(Beginning of INFORMATION PROVIDED)

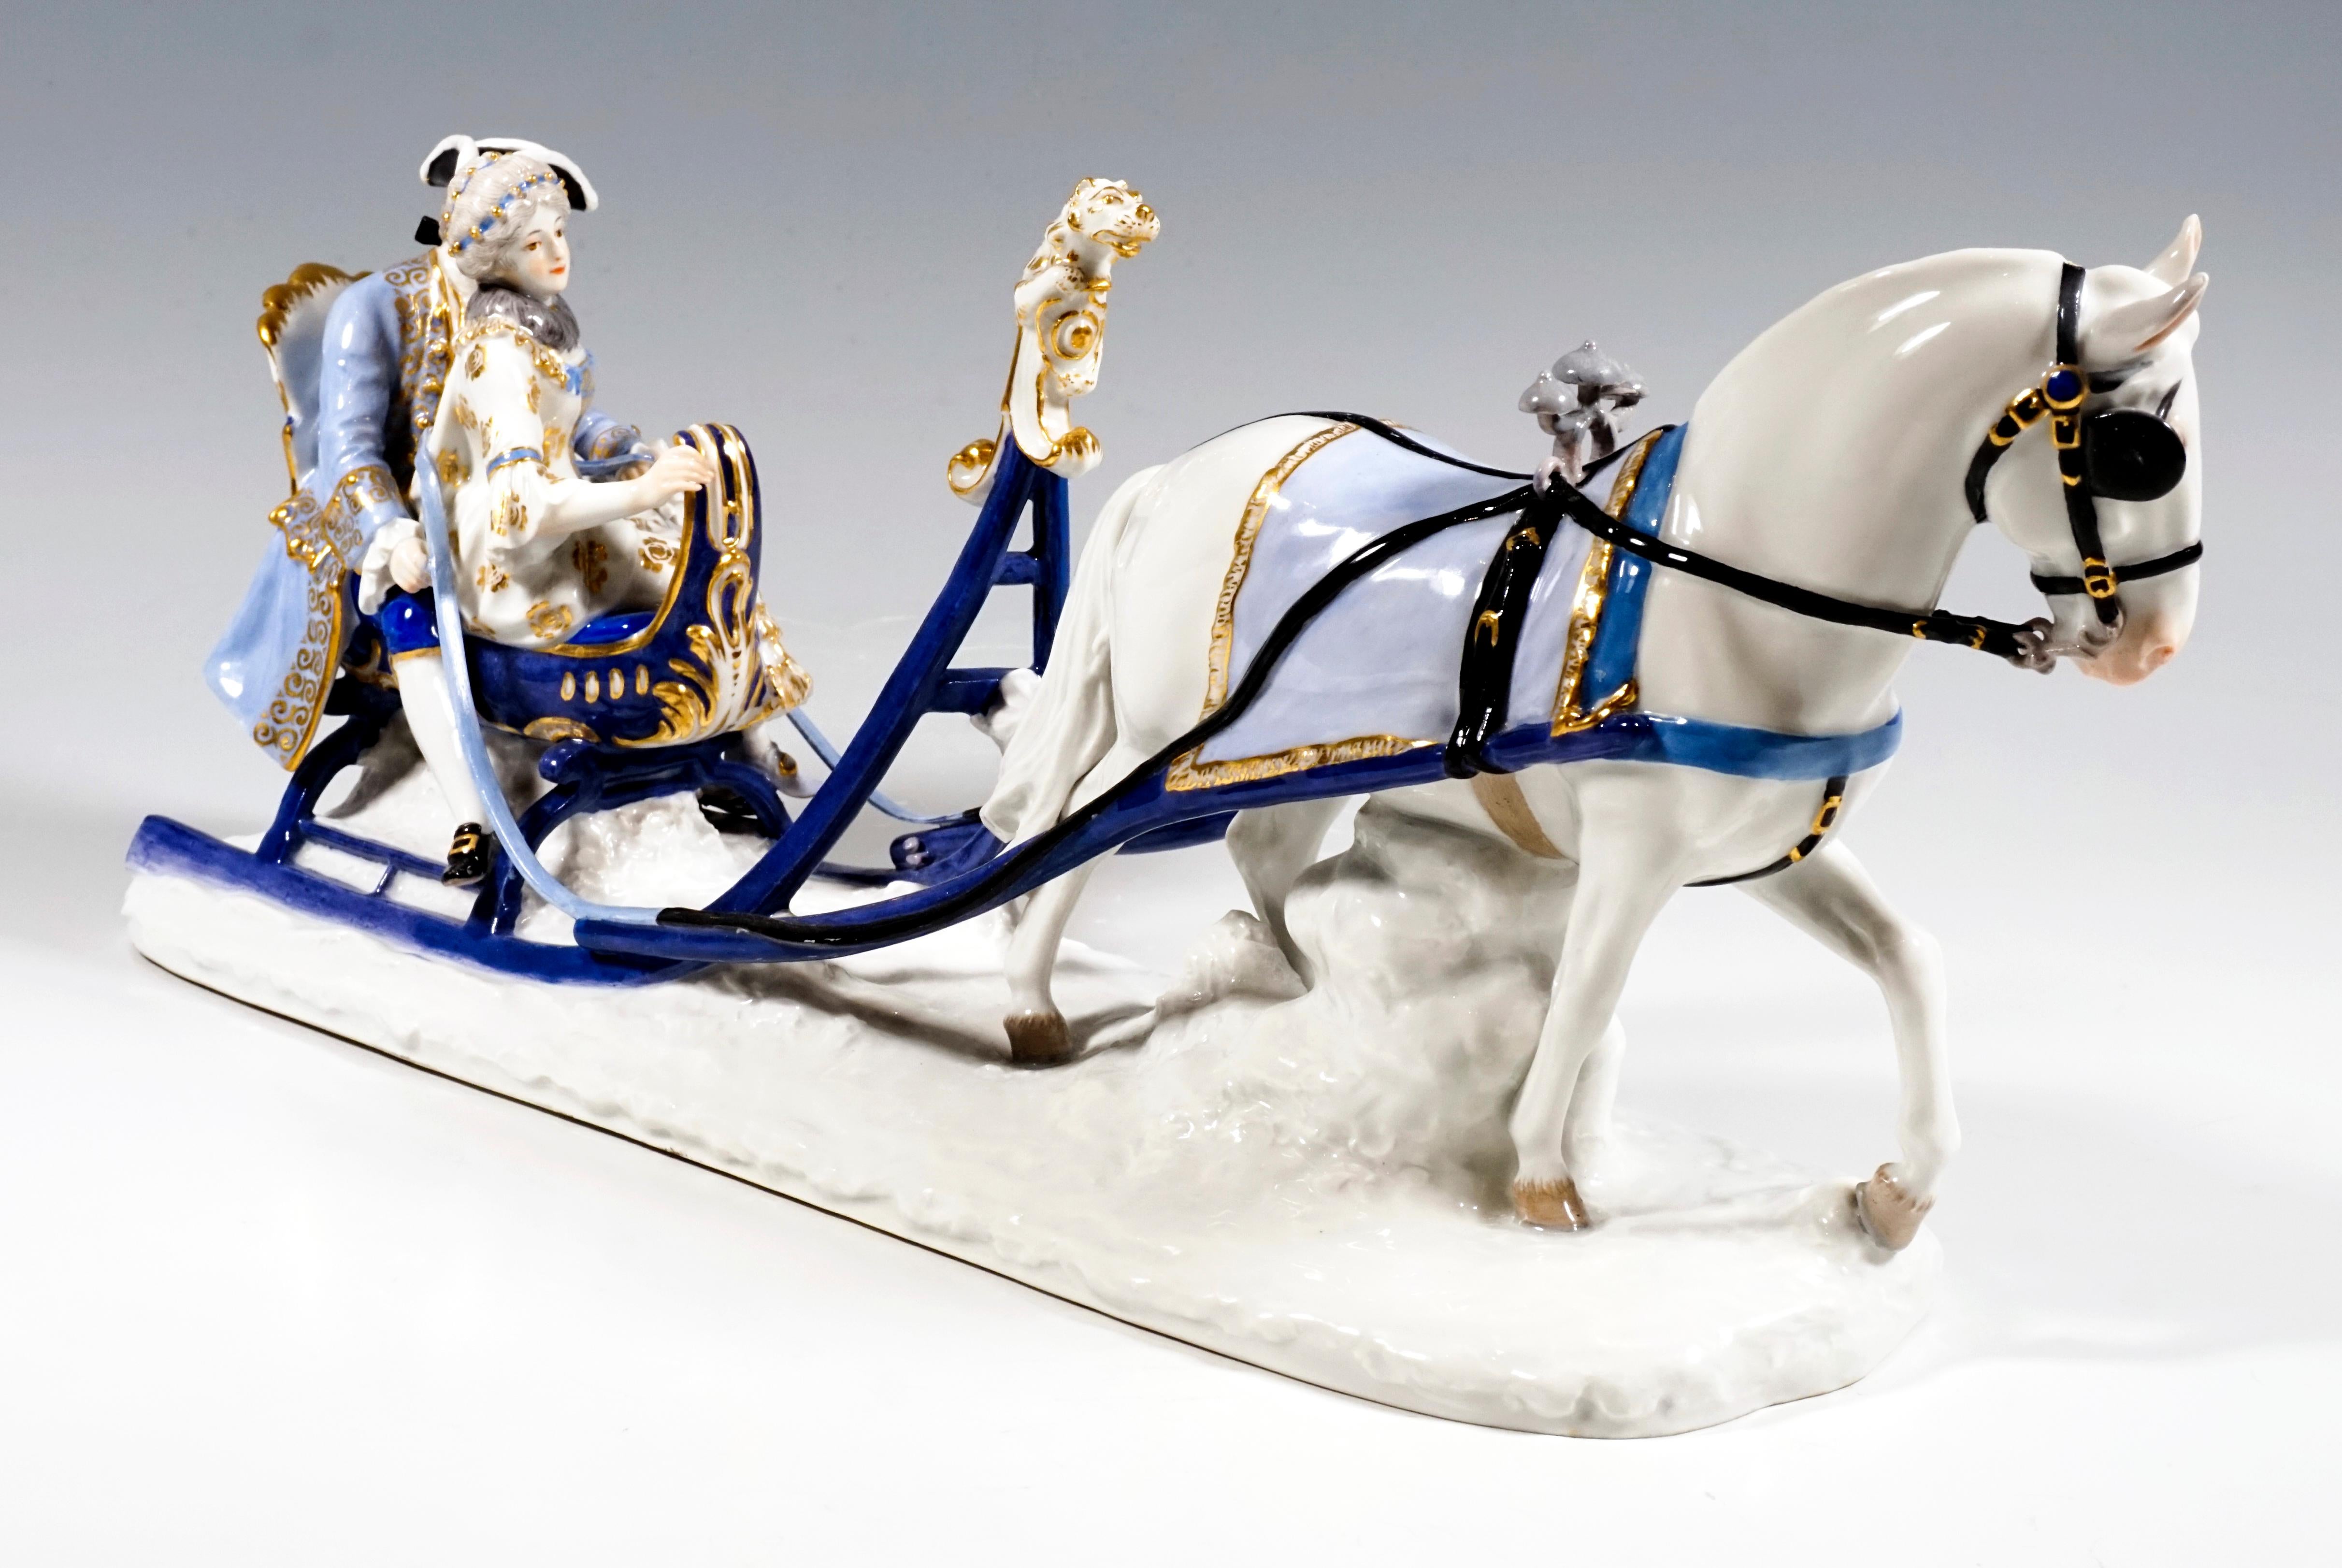 Very seldom executed Meissen figurine group.
On an elongated snow plinth, a gallant couple is pulled on a blue sleigh by a noble, white horse with a blue, gold-framed blanket, blinkers and bells. The sleigh is equipped with white, gold-raised
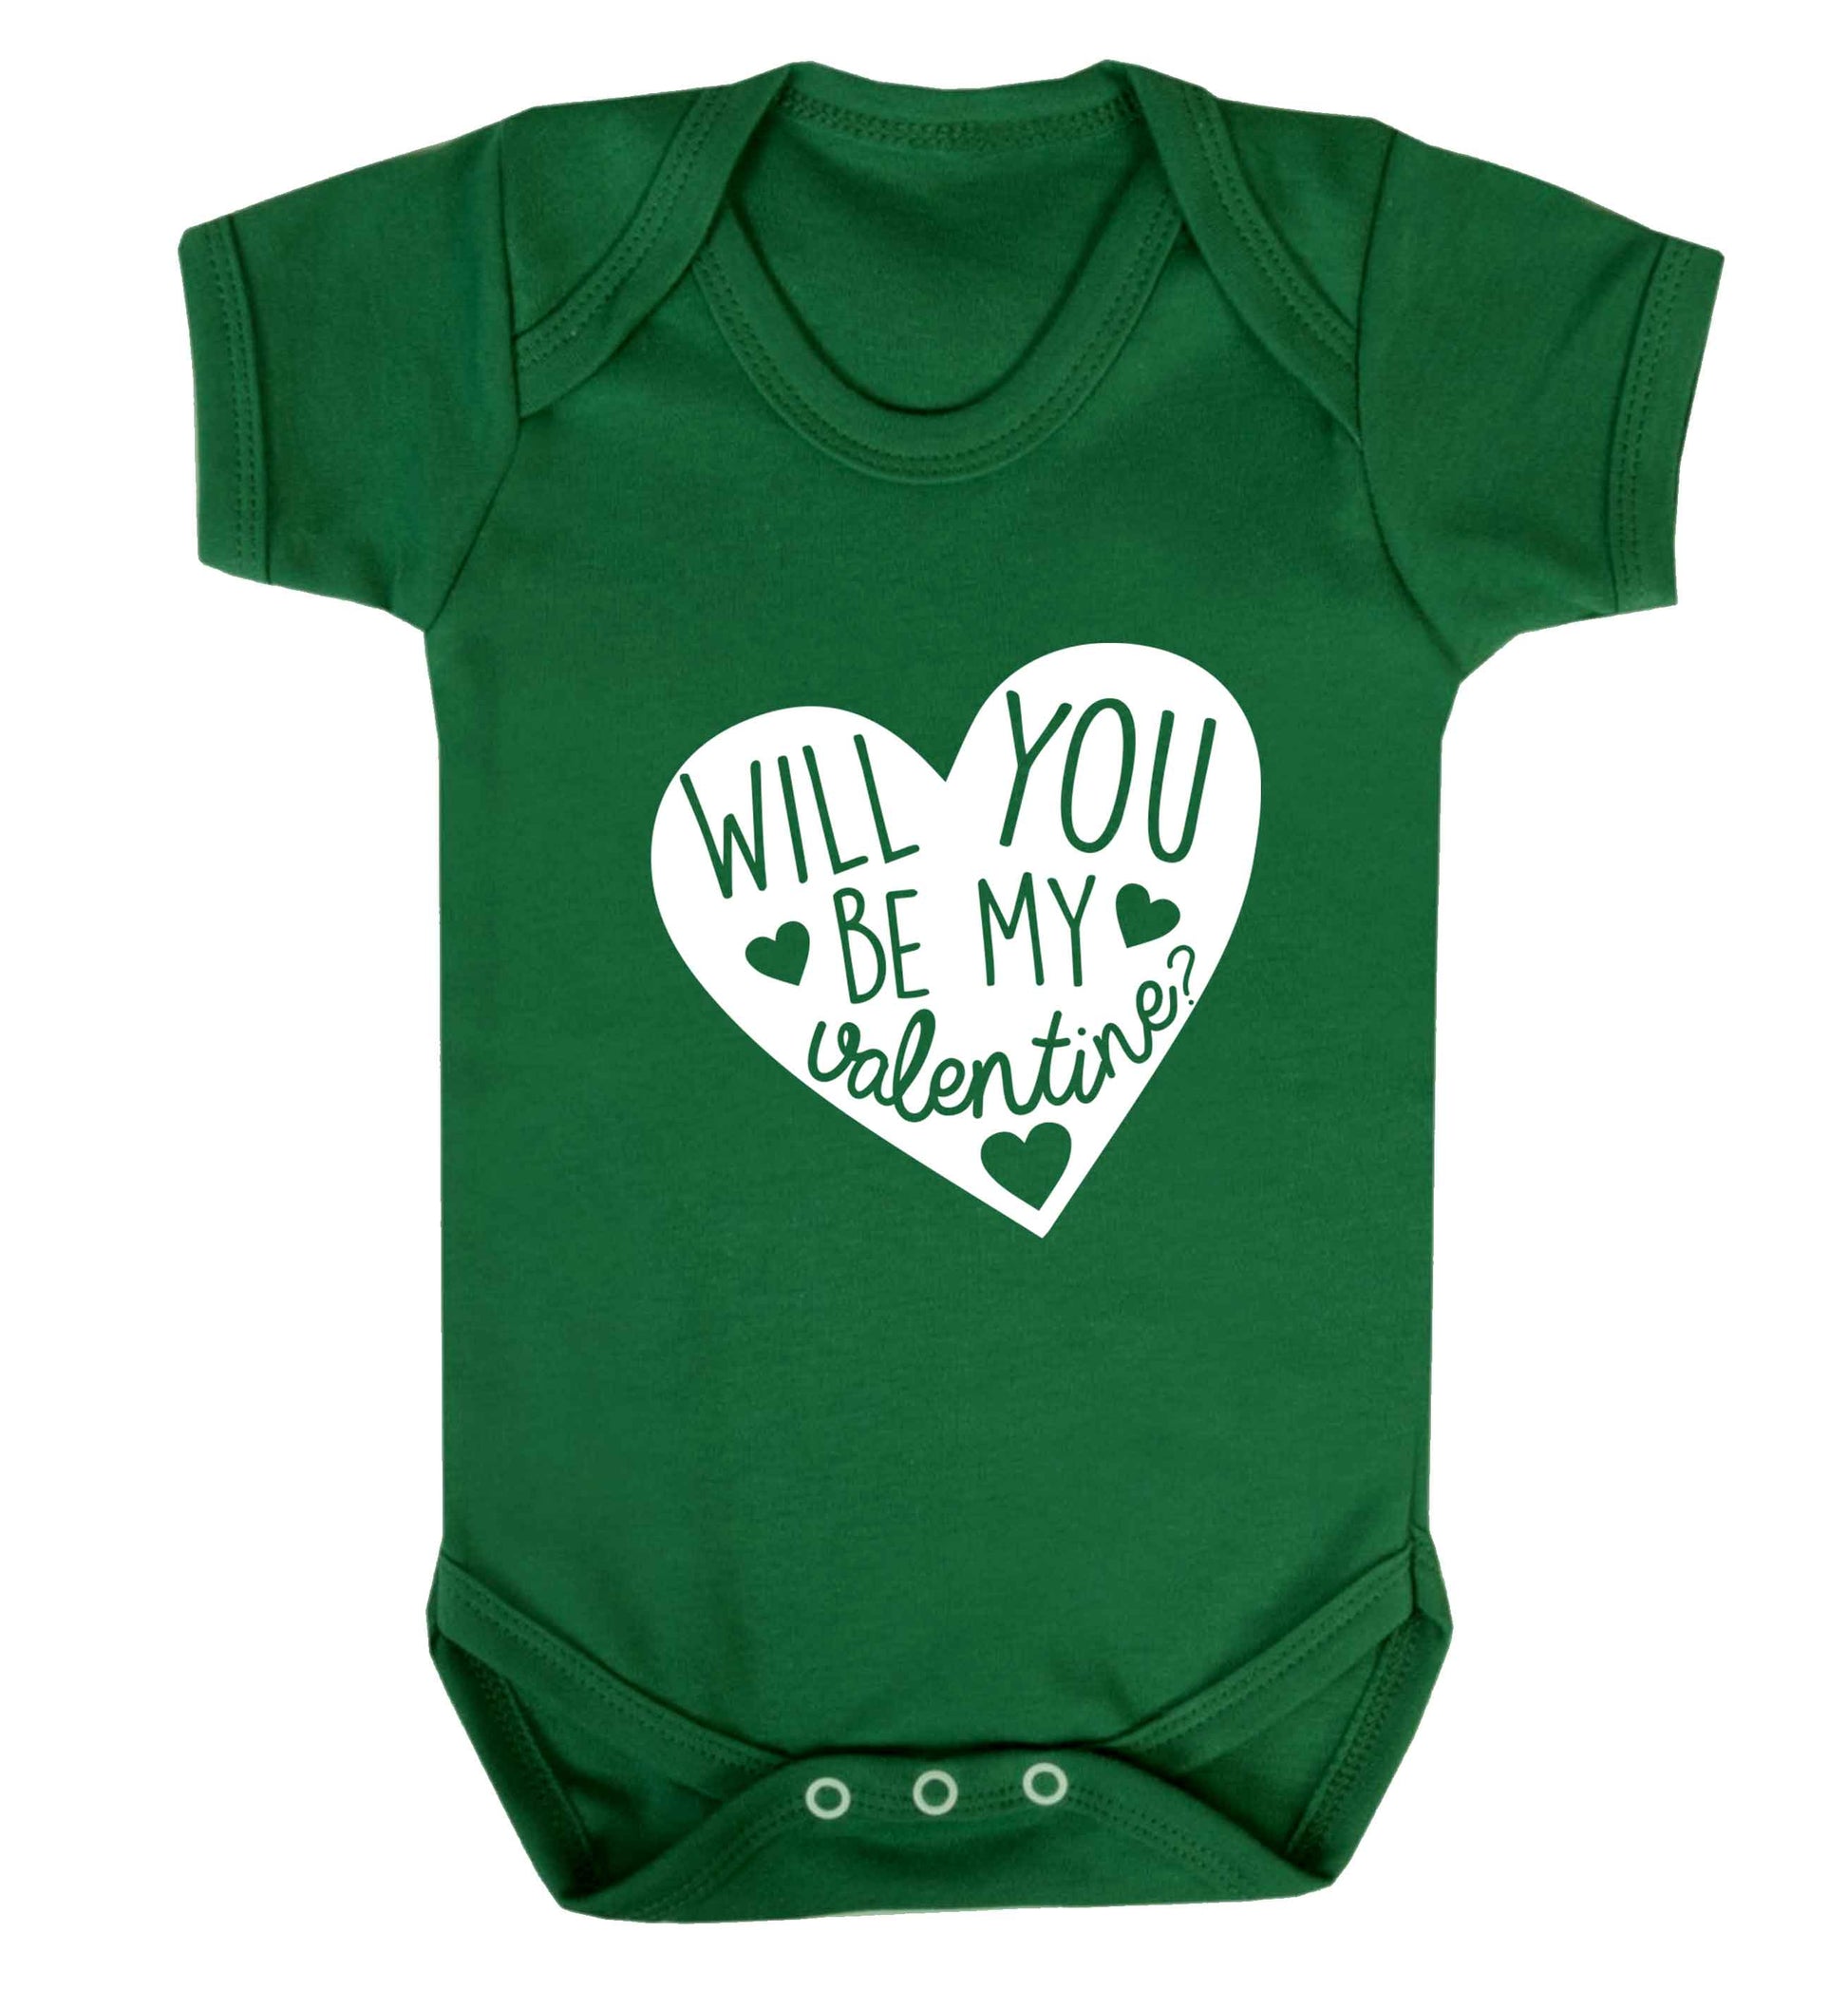 Will you be my valentine? baby vest green 18-24 months

(End of INFORMATION PROVIDED)

- [THE PROBLEM] Make an exact copy of all the material, but keep the pictures out of it.

- [EXERCISE OUTPUT]
 Very seldom executed Meissen figurine group.
On an elongated snow plinth, a gallant couple is pulled on a blue sleigh by a noble, white horse with a blue, gold-framed blanket, blinkers and bells. The sleigh is equipped with white, gold-raised
 Will you be my valentine? baby vest green 18-24 months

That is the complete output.